▸ WHAT YOU WILL DO:
Restate every line of the data word for word, except for the images.

▸ DATA BELOW:
>>>>>

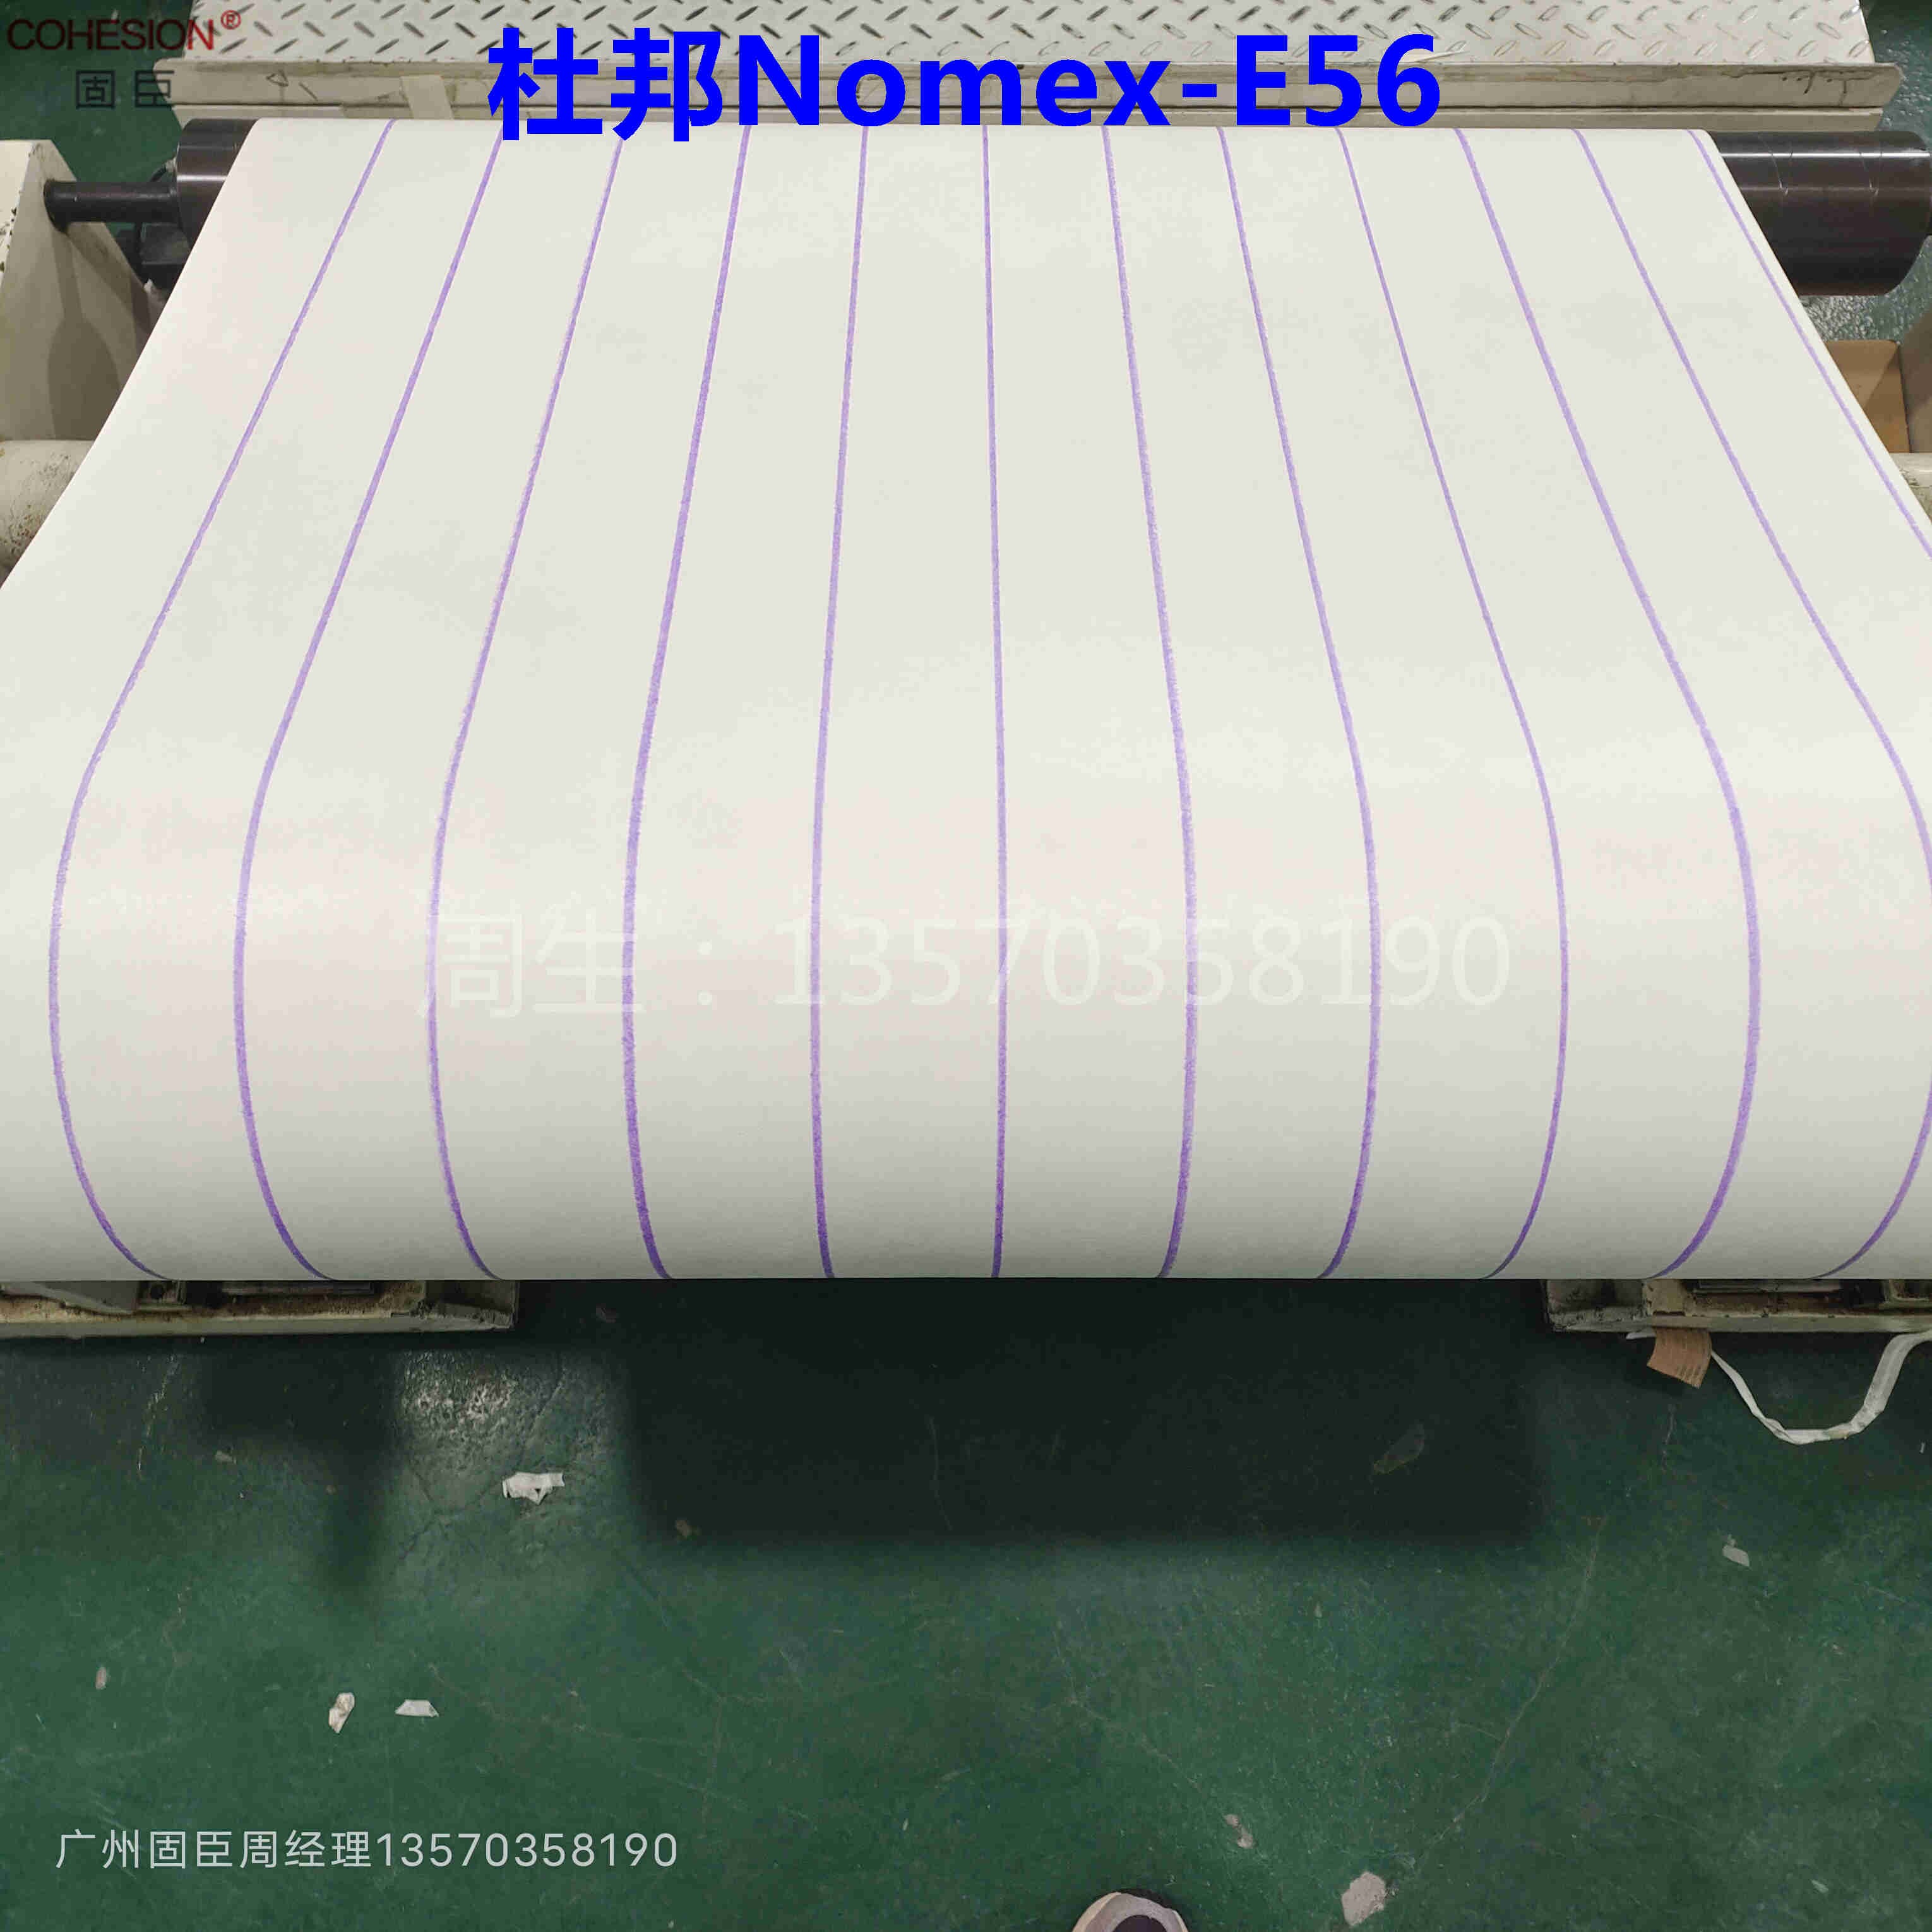 DUPONT进口诺美纸Nomex-E56(356)
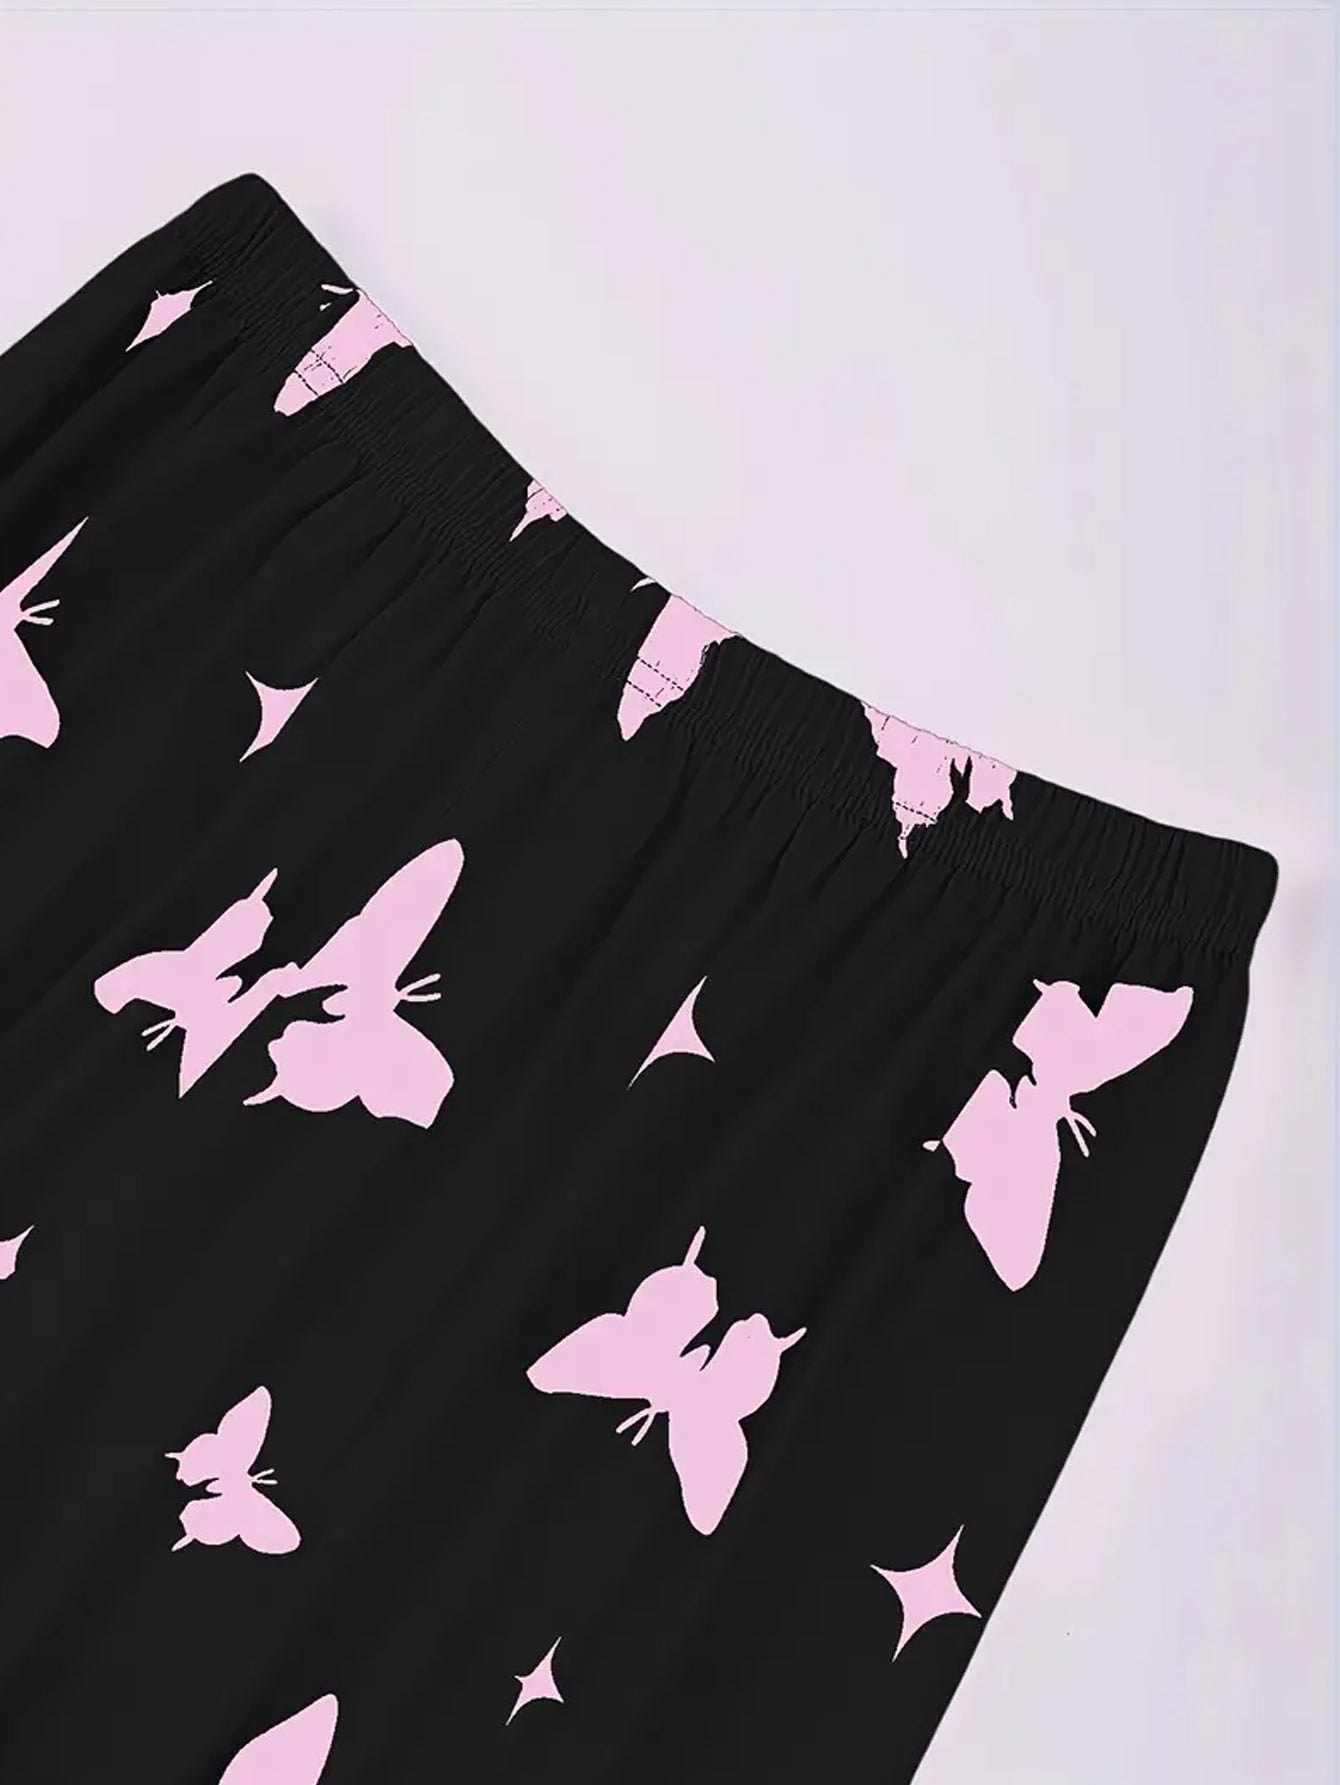 Heart Print Pajama Set - Black
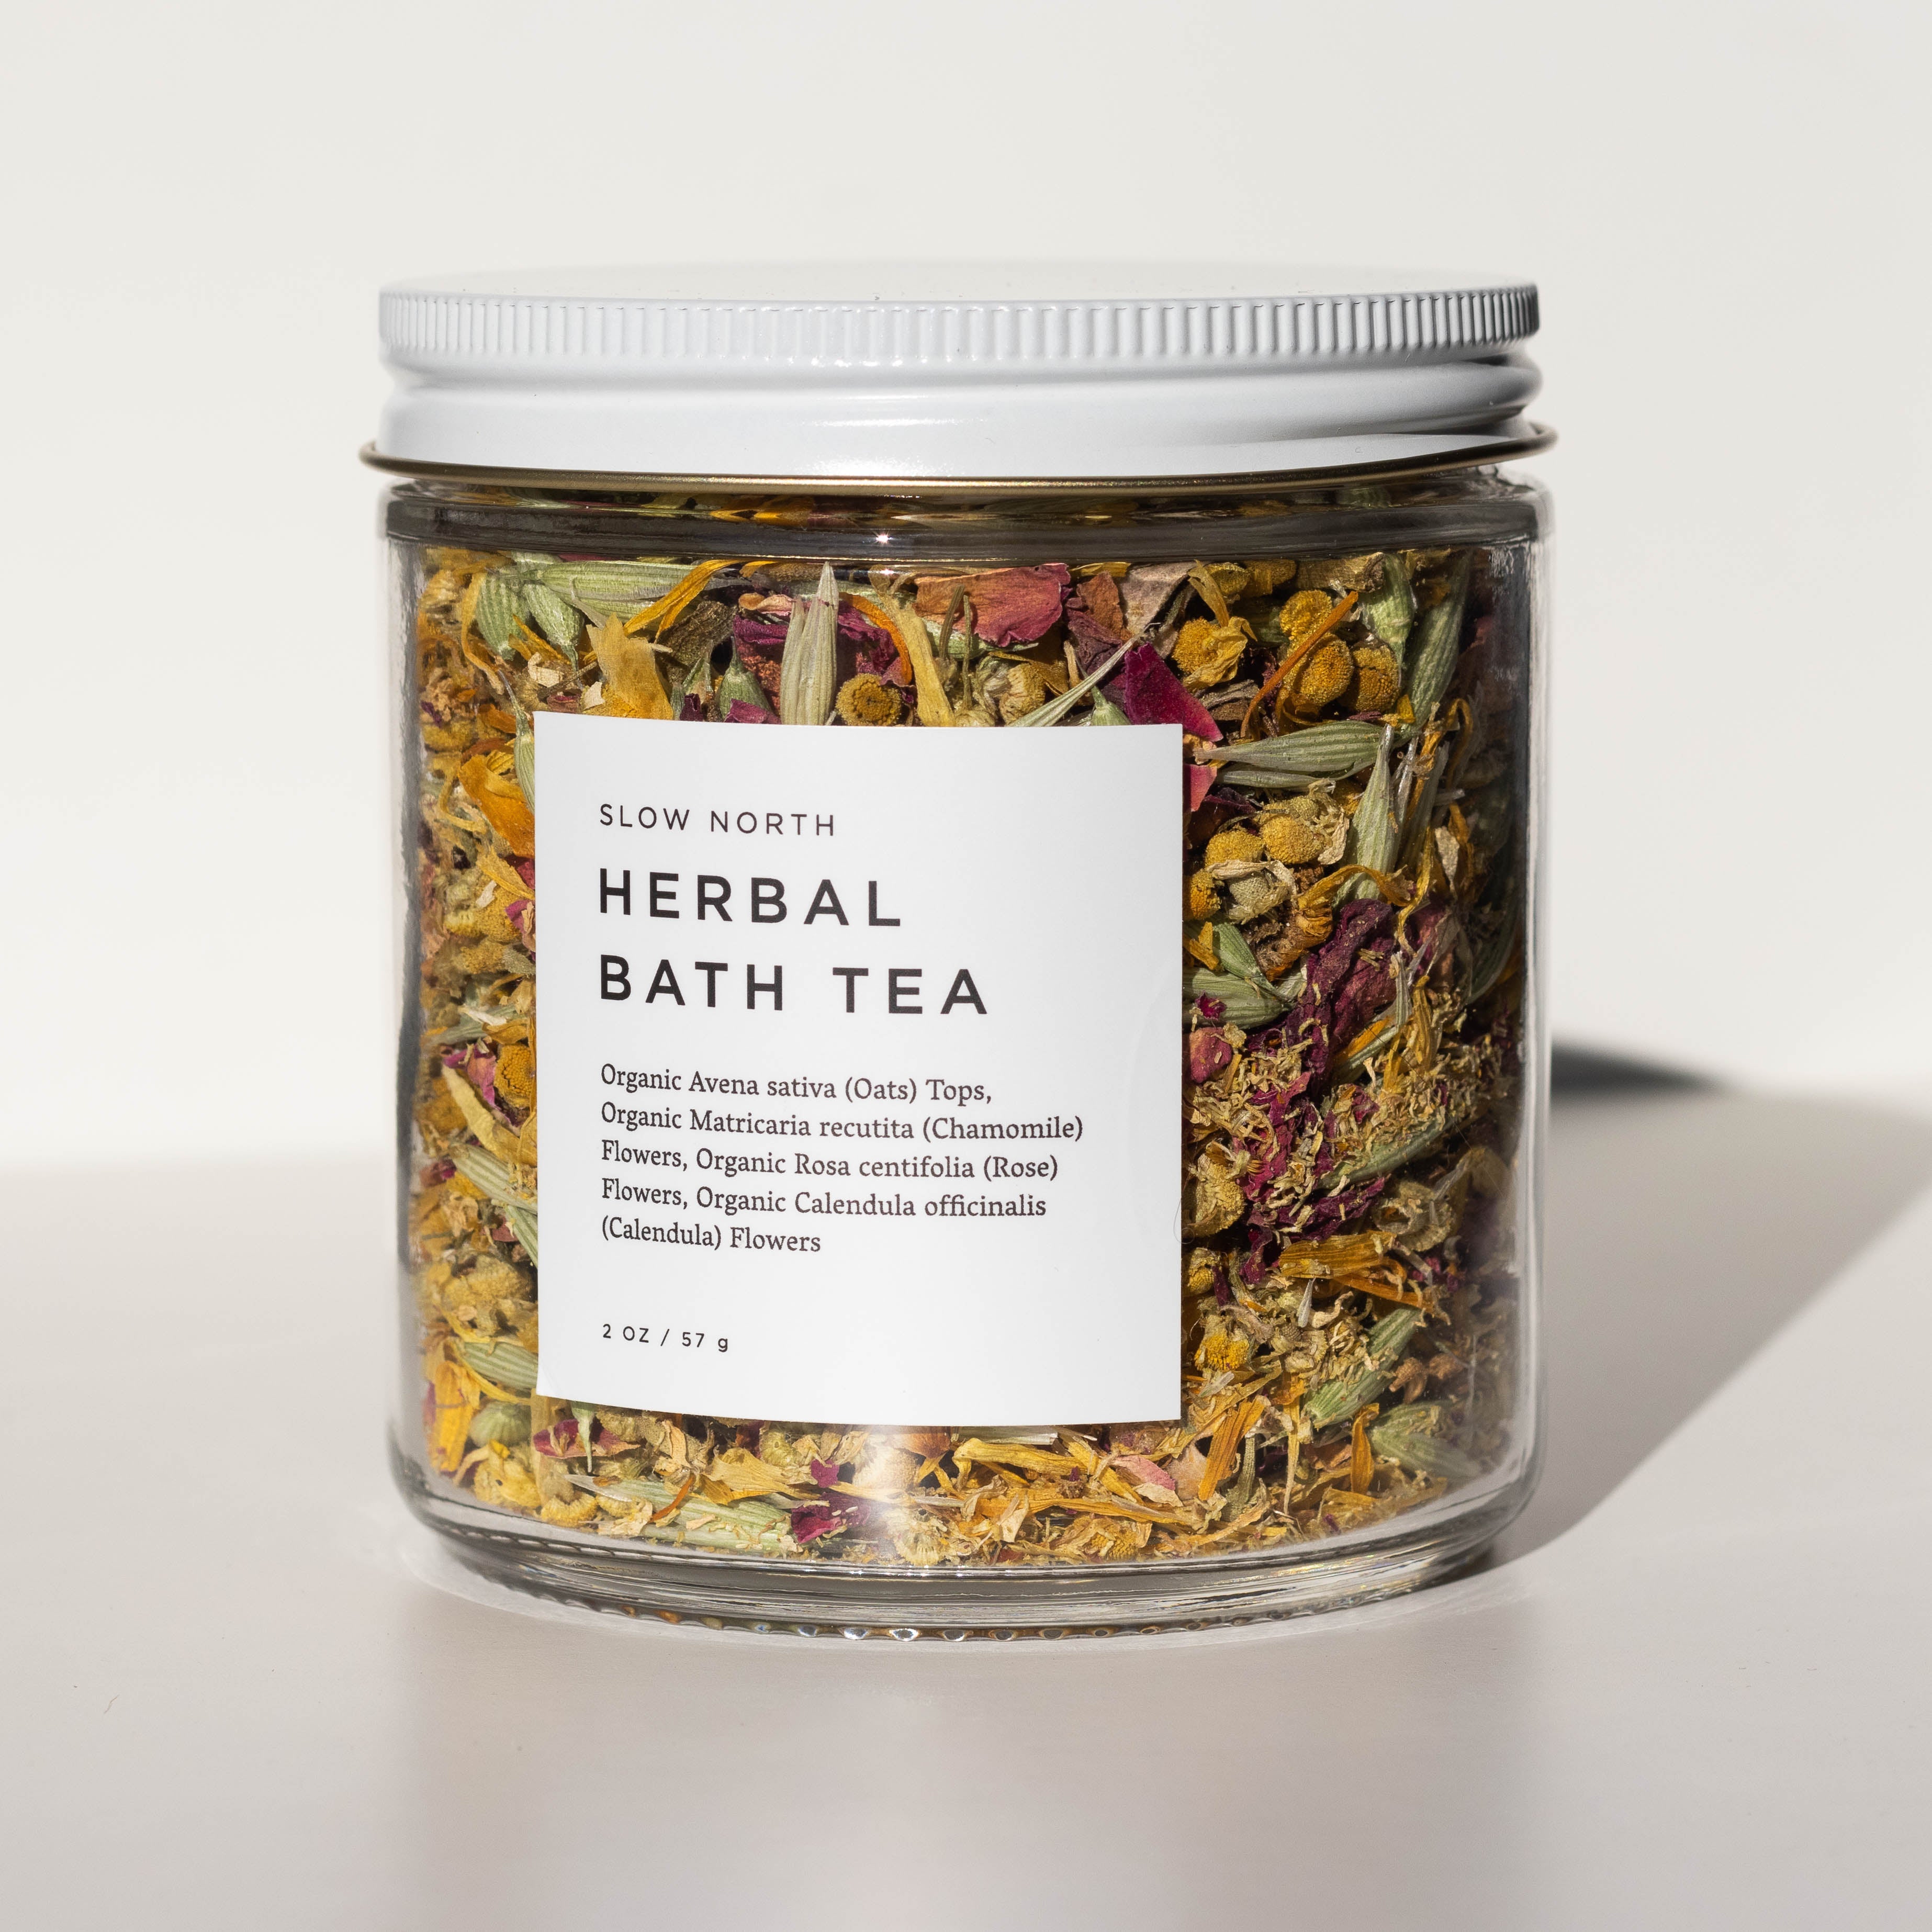 Bath Tea Bags with Spa Salts & Herbs - Soothing

<<<<<

▸ SOLVED EXERCISE:
 DUPONT进口诺美纸Nomex-E56(356)
 Heart Print Pajama Set - Black
 Bath Tea Bags with Spa Salts & Herbs - Soothing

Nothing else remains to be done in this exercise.